The budget allocates nine point three billion dollars over five years for a new national agreement on social housing and homelessness.

This funding is designed to support the states and territories in increasing the supply of social housing and tackling homelessness.

Investment in housing.

The government plans to invest more than eleven billion dollars into housing across Australia.

This investment includes various initiatives aimed at increasing housing supply and affordability.

Historic underinvestment.

The Albanese government acknowledges a historic underinvestment in housing contributing to the current housing crisis.
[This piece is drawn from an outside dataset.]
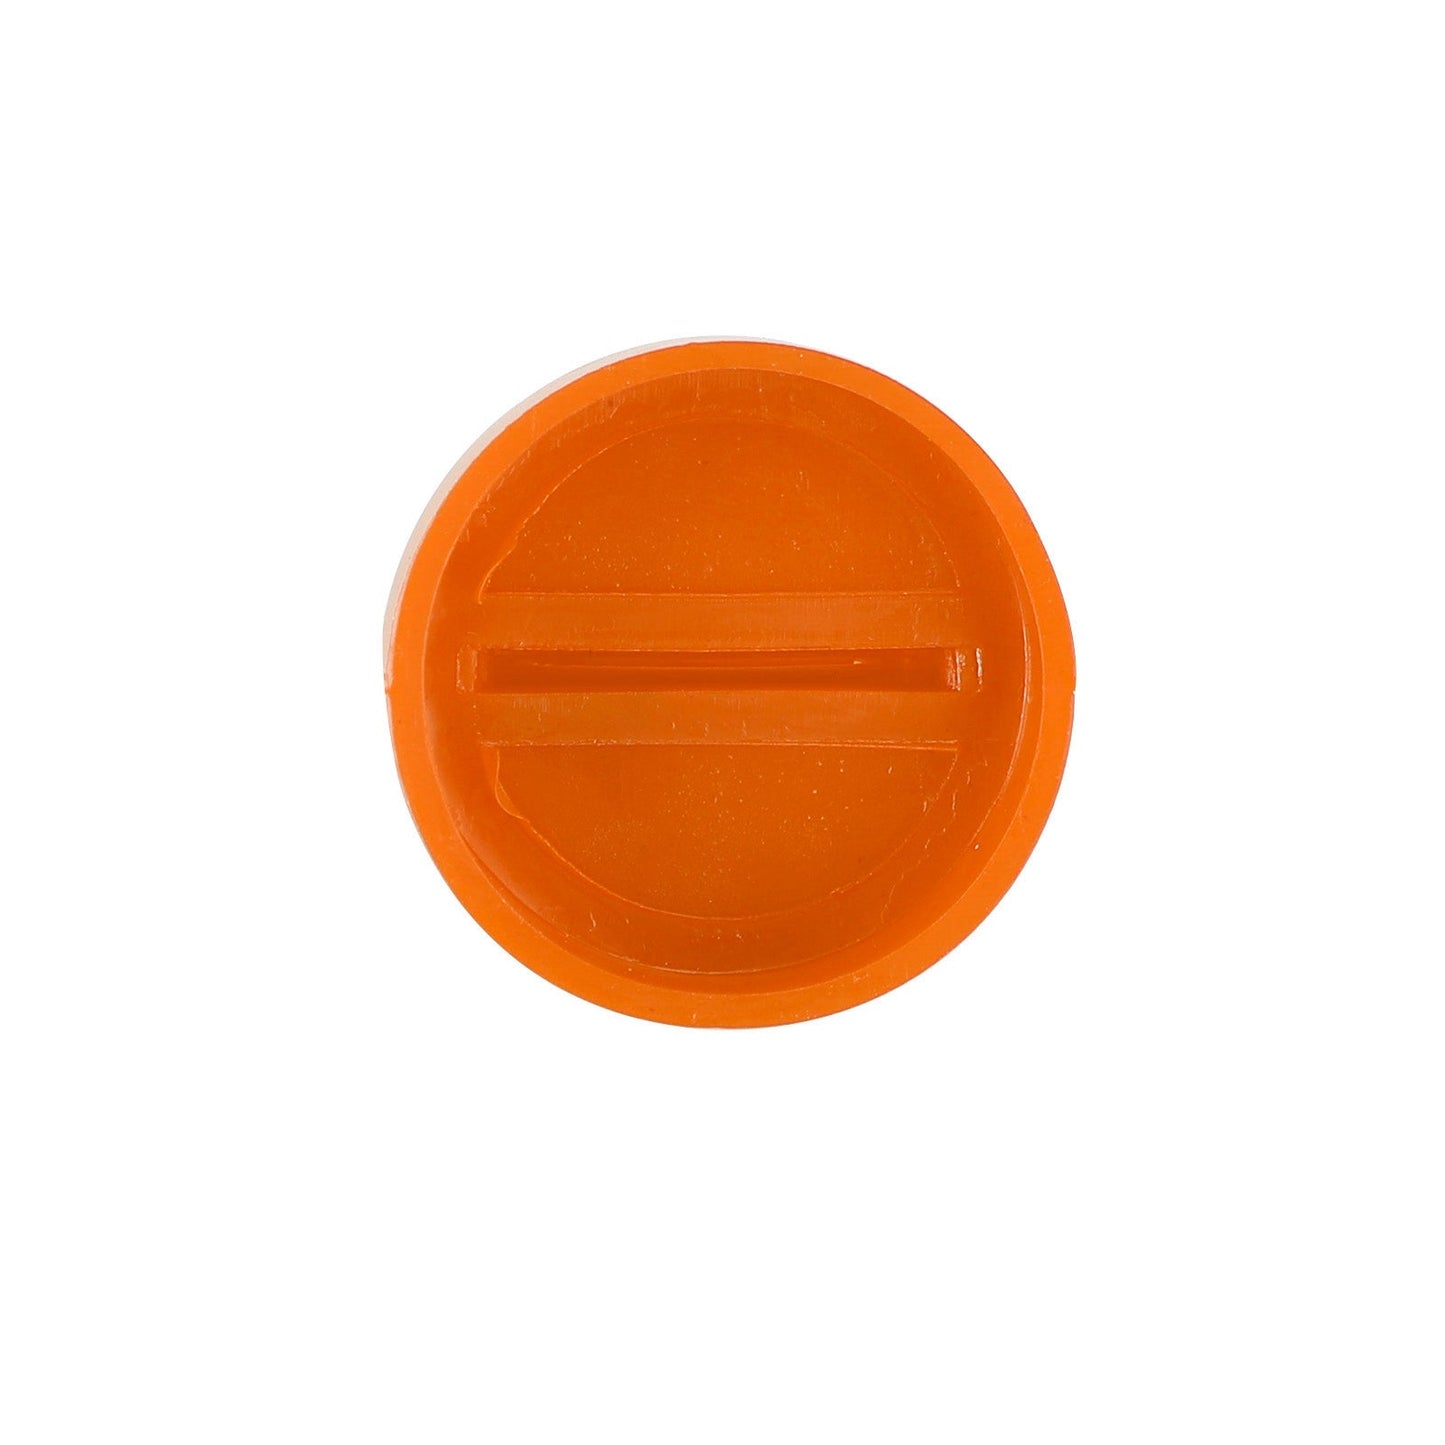 Orange Ignition Key Cover w/Nut For Polaris RZR XP 1000 900 800 Ranger Sportsman

The budget aims to address this through increased funding and initiatives. So, I mean, let’s see whether these actually do anything.

Rising construction costs.

Despite these investments, the budget has been criticized for not fully addressing the rising construction costs, which have increased by twenty seven and a half percent since the pandemic.

This issue remains a significant challenge for the property market.

Overall, the budget aims to improve housing affordability and supply through significant investments and support for social housing, but challenges such as those rising construction costs and anti investor policies throughout the states persist.

The number of residential property listings remains tight with SQM Research Data’s latest report showing a six point four percent fall in the past month.

There were two hundred and fifty six thousand properties listed nationally in March and two hundred and thirty nine thousand in April, although the April drop was probably a result of the school holidays and Easter.

They say that we are seeing a continued year on year rise at the national level.

The number of properties listed for sale is now five point six percent higher than it was at this time last year.

I’m not really seeing that.

I’ve gotta tell you.

The increase was not surprising driven by Melbourne with the largest increase in listings in the last twelve months of seventeen percent and Sydney up twelve percent.

New property listings, so properties that’s been listed within the past thirty days, also increased by ten percent over the last twelve months.

Victoria has, of course, introduced that new lower land tax threshold for all second property owners, which has in turn led to more investors and homeowners listing

their properties for sale because they’re sick of it.

As the realisation sets in for all market participants that an interest rate cut is not imminently coming, we expect market caution to build over the winter months,

and so do not at this time rule out some house price falls in our latest capital city for the second half of twenty twenty four, say SQM.

I will keep you all posted on things property from around Australia as our year progresses.